With all that’s been written about the benefits of strategic alignment, it’s hard to believe IT alignment can sometimes fail to produce a business payoff. Yet in a recent study of 238 midsize companies I participated in, jointly conducted by Boston College’s Carroll School of Management and the Center for Research on IT and Organizations at the University of California at Irvine, we not only found that this alignment paradox is possible, but sometimes strategic alignment might actually harm a company. Our study found that while 70 percent of companies reduce costs or improve sales and customer service after increasing strategic alignment, 30 percent see no improvement or even a decline.
What’s behind this “alignment paradox?” Think rigidity. When companies create an inflexible IT backbone as they align their systems to strategy, they risk locking themselves into a particular way of doing business. Indeed, our research team consistently found that this loss of flexibility was a key reason why the 30 percent group saw no real benefit from their alignment efforts.
A closer look at the data reveals some other insights. Companies that suffered from this alignment paradox did so either because they installed incompatible systems, or they failed to establish a common IT architecture. They were therefore unable to realign their systems and share information as needed when their own strategies or outside business conditions changed.
Diminished flexibility may not pose a major problem for some firms, chiefly those in more stable industries such as chemicals and construction.
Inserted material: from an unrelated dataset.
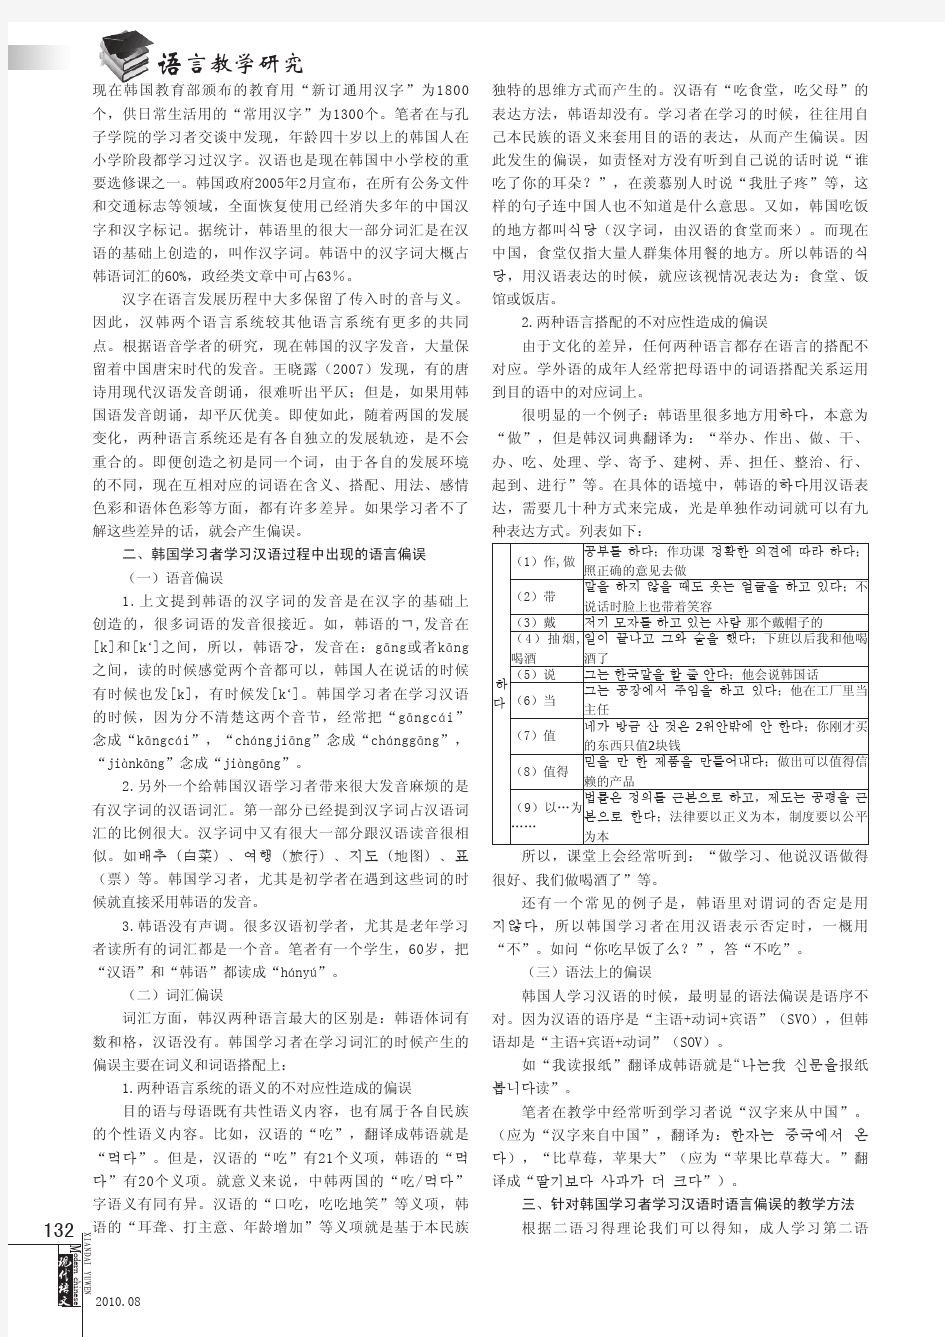 韩国人学汉语的偏误分析及相应的对韩汉语教学法

In these industries, the cost of achieving flexibility may not be worth the business gain. Our study found the highest correlation between IT value and alignment in stable industries such as these.
But inflexibility can be particularly troubling for companies facing increased competition, changing consumer tastes, price wars, shrinking product life cycles or new government regulations. Given these challenges, speed and the ability to adapt to change are essential. If increased strategic alignment restricts IT infrastructure flexibility, alignment could simply strangle the company in a killer’s embrace.
In fact, the companies we found facing an alignment paradox tended to be in fast-paced industries such as electronics, pharmaceuticals and financial services, where IT flexibility and the ability to turn on a dime are a matter of survival. For example, Dell Inc. has stared the paradox in the face, but managed to avoid it. Executives at Dell had considered deploying SAP software to help solve an immediate need: to integrate its systems around the globe so managers could view production data from Dell’s plants worldwide. They decided, however, that in the long run standardizing global applications would prevent regional managers in Asia, Europe and Japan from being responsive to their local markets, because they would no longer be able to control their own applications. This was a clear conflict with Dell’s overriding need for a flexible business model. The company ultimately decided not to deploy SAP.
Companies don’t need to accept misalignment as a necessary evil in a rapidly changing environment. Many have succeeded in creating IT backbones that can provide both increased strategic alignment and IT flexibility. For example, companies such as Delta Air Lines, Putnam Investments and eBay have used middleware in sophisticated ways to solve the paradox. Each has an IT infrastructure that provides flexibility and the ability to grow along with its business, all while providing applications that help the company pursue its strategic business goals. And at Vicor, a Massachusetts-based manufacturer of specialized power converters, an enterprise resource planning system helped to make IT more flexible, not less so. By serving as the backbone of a common infrastructure, enabling the company to provide a configuration tool on its Web portal, Vicor’s ERP system helped give customers the ability to design power converters that meet their particular specs, and submit their orders online.
Application service providers and outsourcing services provide companies with another way to achieve strategic alignment and IT flexibility at the same time. Outsourcing legacy systems can help a company to quickly get rid of inflexible, older systems. The utility model of IT services, embodied in recent agreements such as those between American Express and IBM Global Services, takes flexibility even further by allowing IT services to expand and contract in line with changes in the business environment. Such arrangements protect companies from having to pay for unused IT systems during periods of stability, or free them to make IT investments during periods of rapid change.
But CIOs beware: The alignment paradox can’t be avoided just by picking certain technologies and avoiding others. Flexibility takes vigilance and smart management. IT executives must carefully size up the ability of each IT investment to either enhance flexibility or diminish it. Applying options-pricing models to your evaluation of an IT investment is one way to help you decide whether preserving flexibility for tomorrow is worth the cost today.
And as always, culture is important. At companies like Delta and Vicor, business executives are willing to share information with IT, and the CIO is a respected business partner and collaborator, not an inferior. There needs to be a mind-set that encourages shared networks and common IT procurement policies, and an across-the-board willingness to give up best-of-breed systems that could be incompatible.
The critical alignment lesson for companies is this: Increased strategic alignment will improve IT’s value to the business, but only if the company is wired flexibly enough to react to sudden business change. Just as ice hockey legend Wayne Gretsky said, “I skate to where the puck is going, not to where it is,” IT executives must think about where their business is going and ask whether their current IT spending can get them there without the need for significant retooling.
Paul Tallon is Assistant Professor of Information Systems at the Carroll School of Management, Boston College, and a Research Associate at the Center for Research on Information Technology and Organizations at the University of California, Irvine. His research interests focus on IT business value, strategic alignment and IT evaluation techniques.